Dr. Fauci reflects on the pandemic's 1-year mark and how to get back to 'normality'

Pulling back must be gradual to avid triggering another surge, he said.

March 11, 2021, 9:08 AM

One year into the COVID-19 pandemic, Dr. Anthony Fauci told "Good Morning America" Thursday that the "answer to get us back to normality" is a blend of vaccinations and a "gradual" easing of restrictions.

That includes "a combination of a very, very aggressive implementation of the vaccine program -- which you are actually seeing in real time -- together with a continuation of public health measures and a gradual pulling back, as opposed to just turning a light switch on and off," he said.

PHOTO: Dr. Anthony Fauci, director of the National Institute of Allergy and Infectious Diseases and chief medical adviser to the president, appears on "Good Morning America," March 11, 2021.
Dr. Anthony Fauci, director of the National Institute of Allergy and Infectious Diseases and chief medical adviser to the president, appears on "Good Morning America," March 11, 2021.
ABC News

It's "much better to do that gradually and prudently," he stressed.

"That has happened in the past -- at least a couple of times over the past year," Fauci said.

Fauci said the most important message for President Joe Biden to deliver in his prime-time address Thursday is that the nation has "come a very long way over this past year" and "there is light at the end of the tunnel."

PHOTO: People receive the COVID-19 vaccine at a vaccination site in Las Vegas, Feb. 17, 2021.
People receive the COVID-19 vaccine at a vaccination site in Las Vegas, Feb. 17, 2021.
John Locher/AP
PHOTO: Liana Fonseca looks away as she receives the Pfizer COVID-19 vaccine, March 9, 2021, in Miami.
Liana Fonseca looks away as she receives the Pfizer COVID-19 vaccine, March 9, 2021, in Miami. Thousands packed the mass vaccination site at Miami Dade College, many waiting three hours or more to get the vaccine. By mid morning the site had ran out of the one dose Johnson & Johnson vaccine an only the Pfizer vaccine was available.
Marta Lavandier/AP

Among the "lights" in the tunnel to look for?

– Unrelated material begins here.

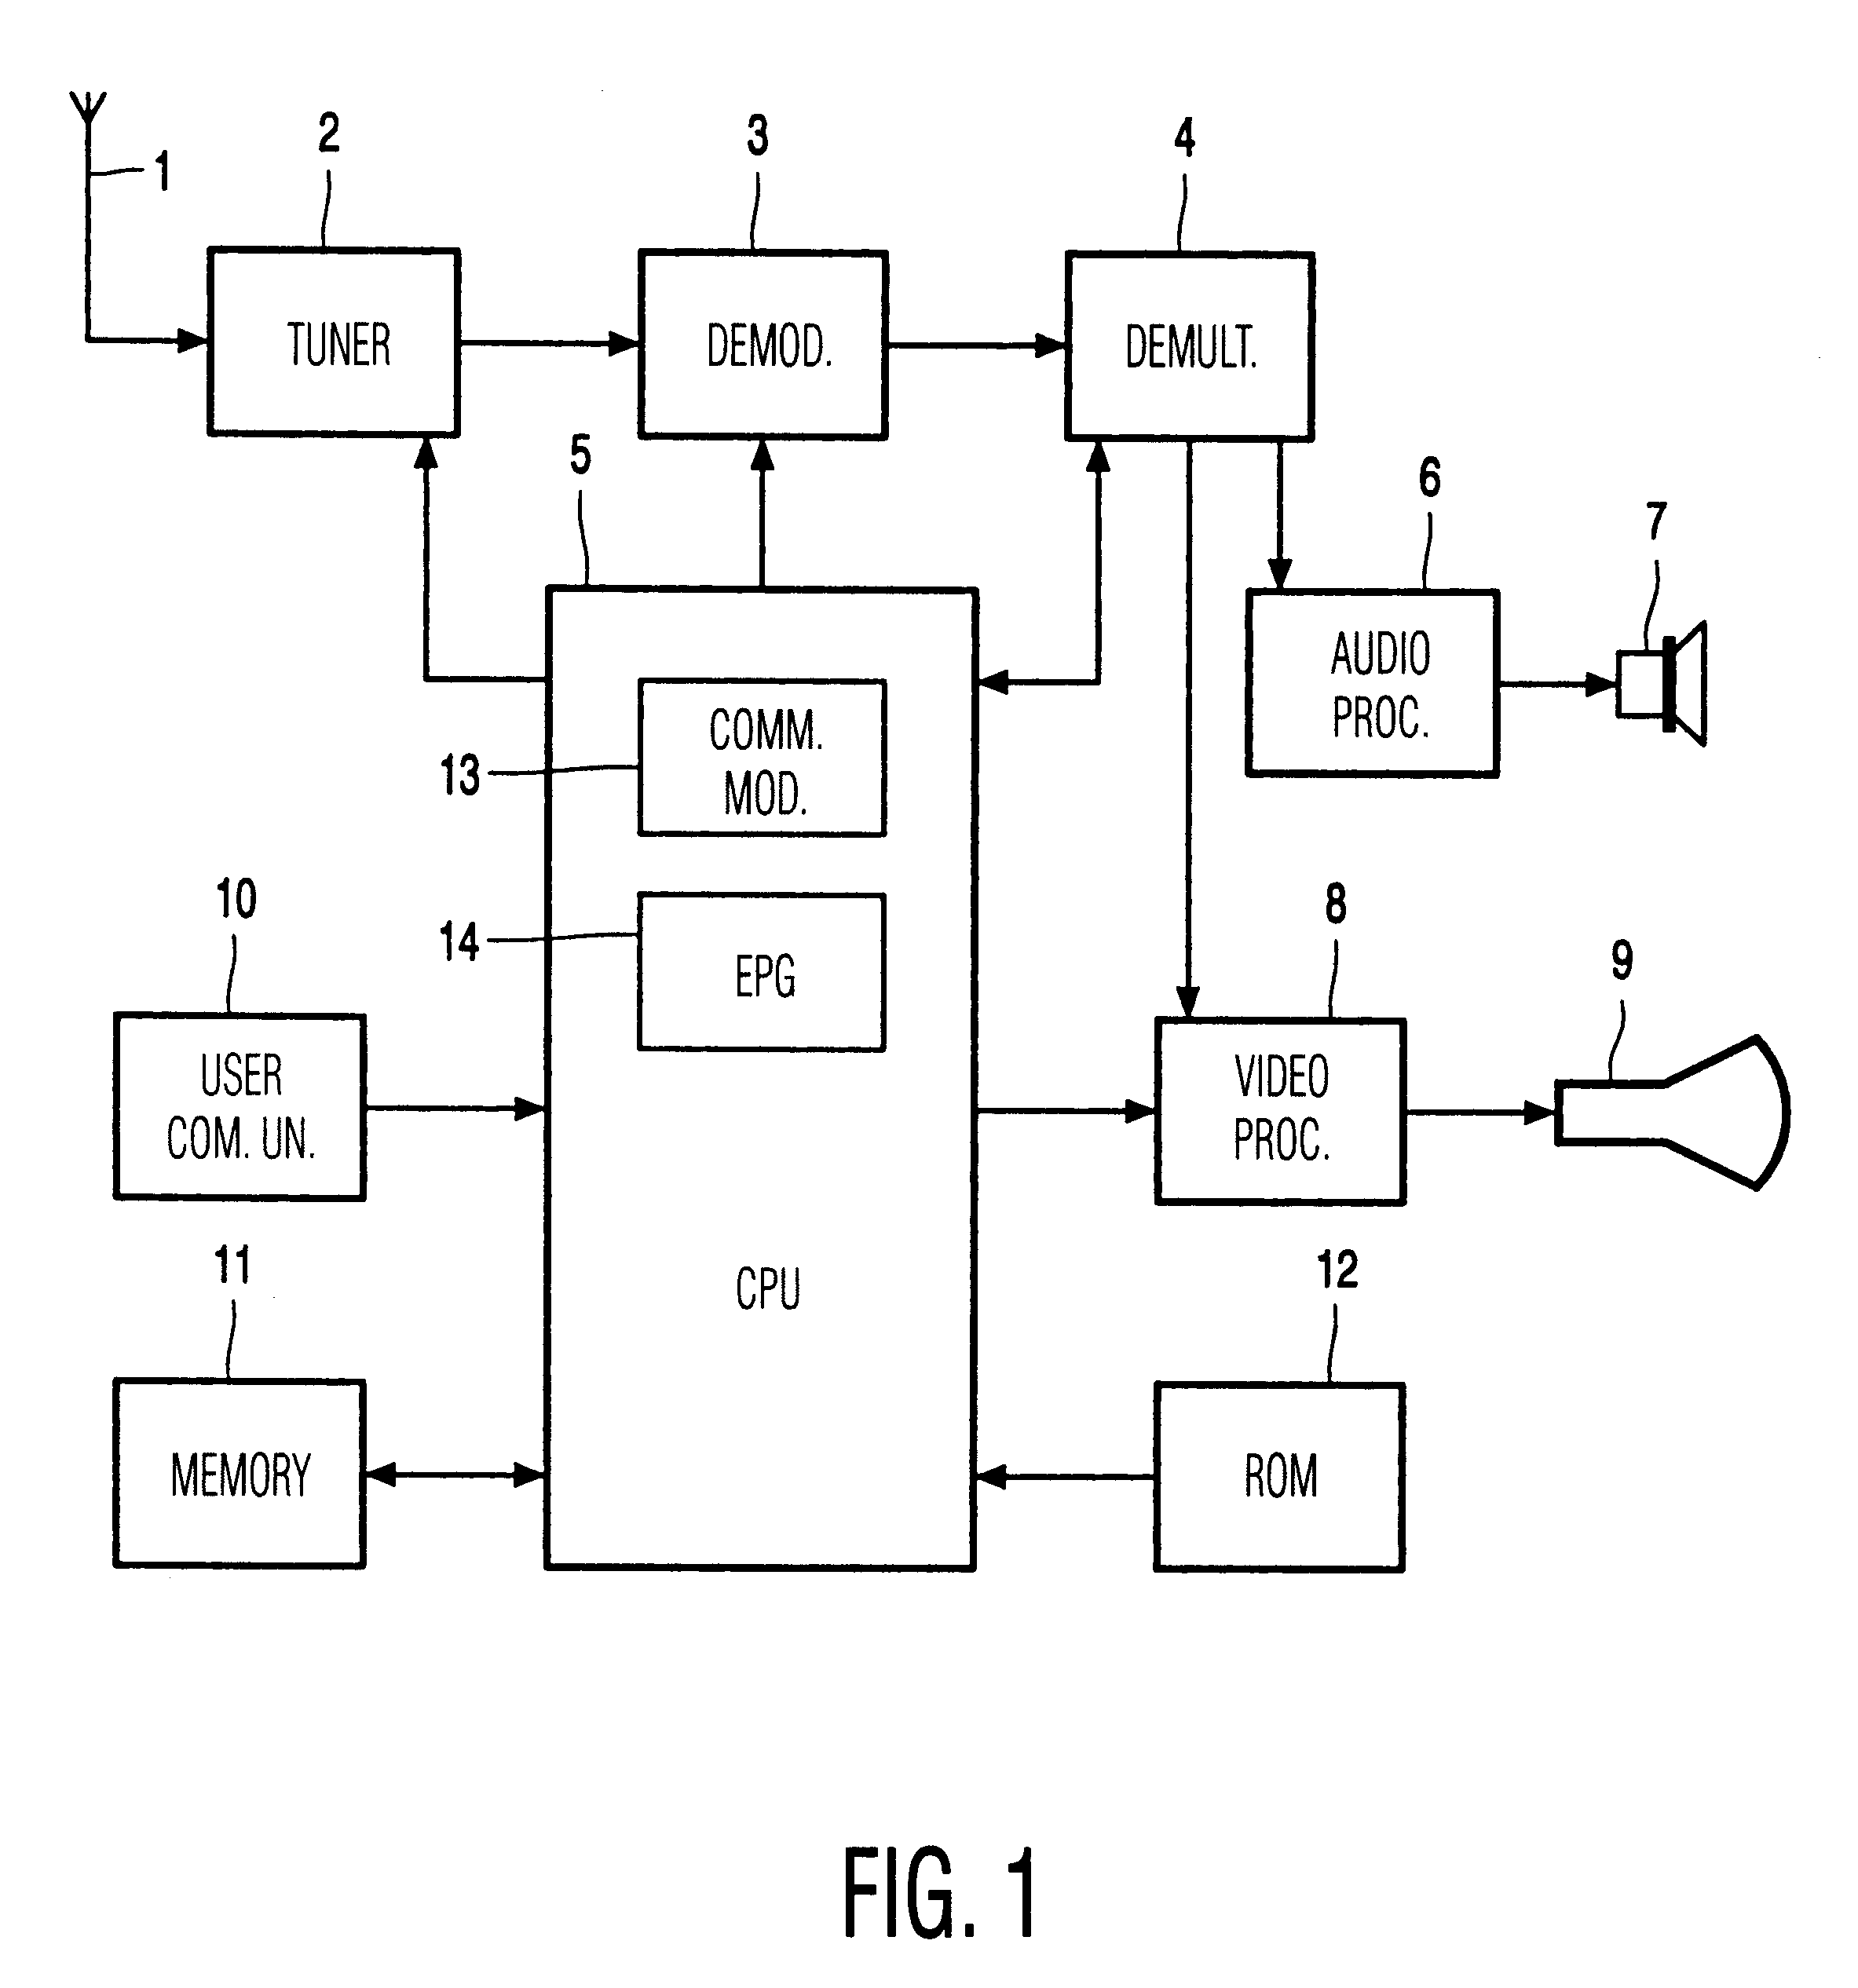 Method and apparatus for displaying an electronic program guide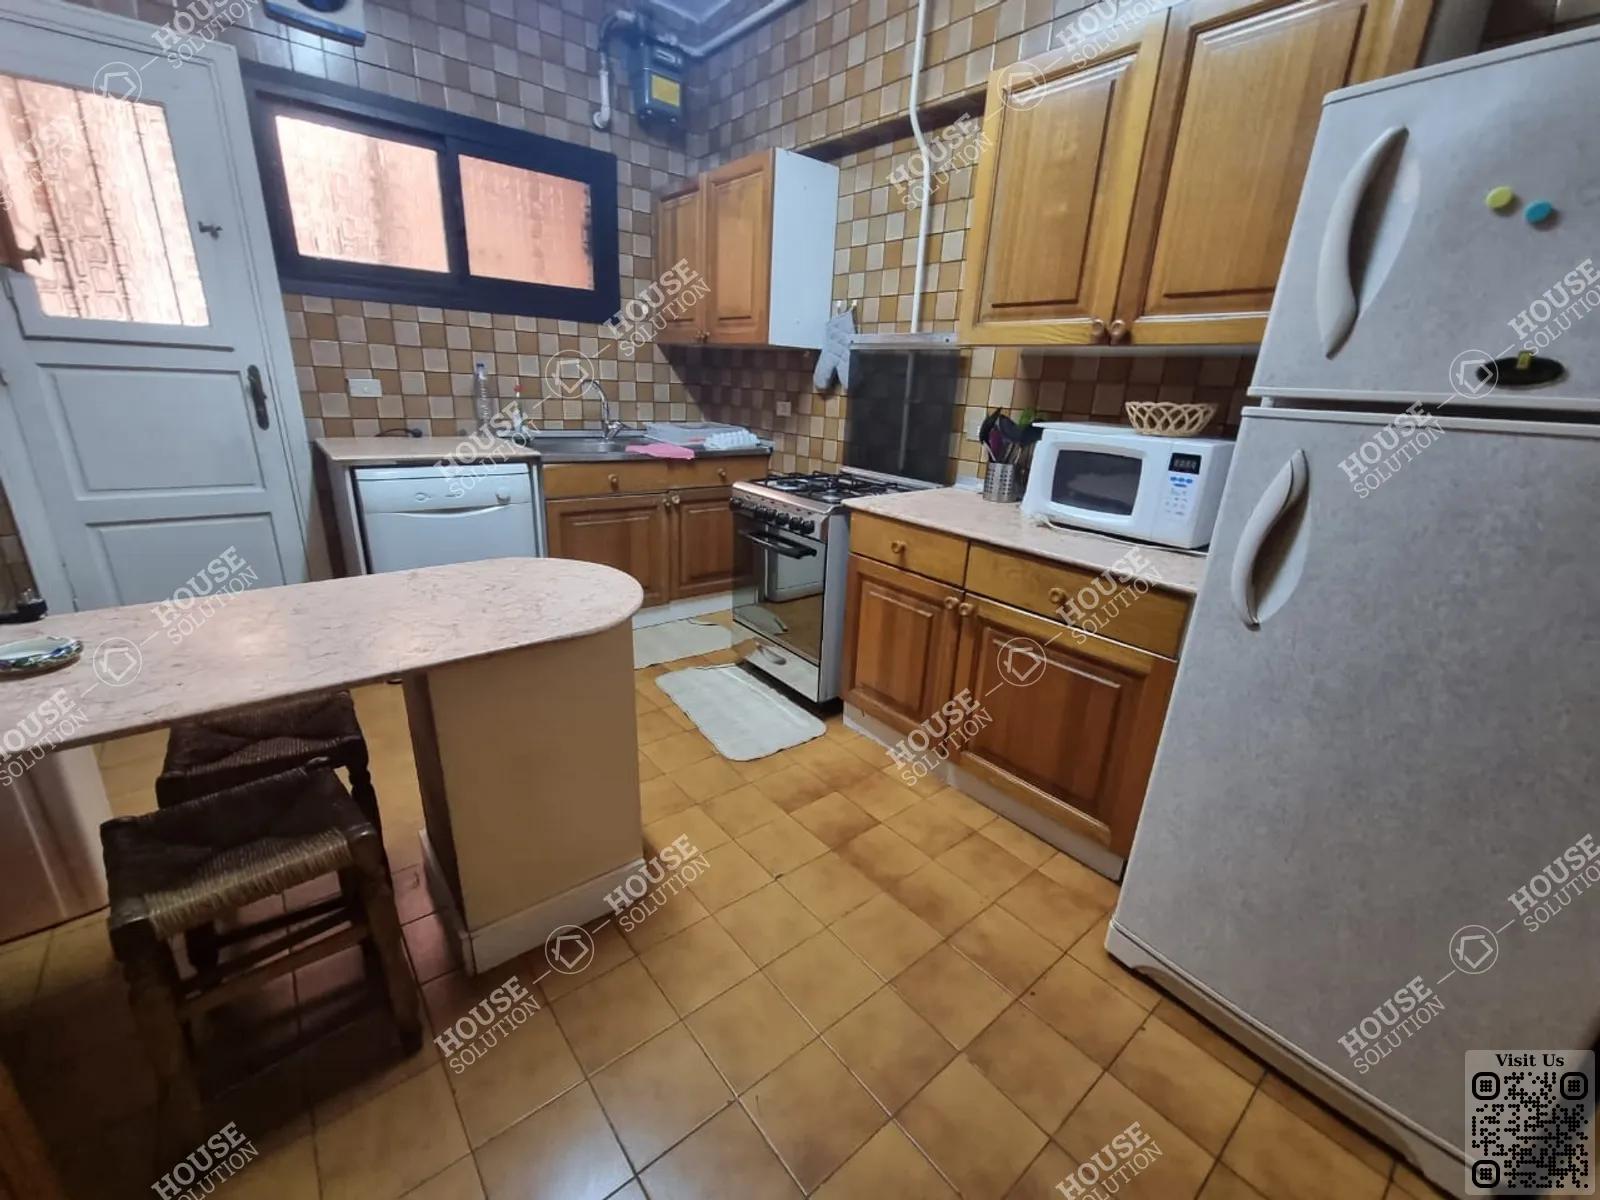 KITCHEN  @ Apartments For Rent In Maadi Maadi Sarayat Area: 180 m² consists of 3 Bedrooms 3 Bathrooms Furnished 5 stars #3442-2

Fauci said the Centers for Disease Control and Prevention will be rolling out recommendations "imminently" for activities for vaccinated individuals.

Thursday marks one year since the World Health Organization declared COVID-19 a pandemic.

Looking back, Fauci said, "It was exactly one year ago this morning that I said, 'Things are gonna get much worse before they get better.' But I did not realize in my mind even anything close to more than half a million people having died in this country."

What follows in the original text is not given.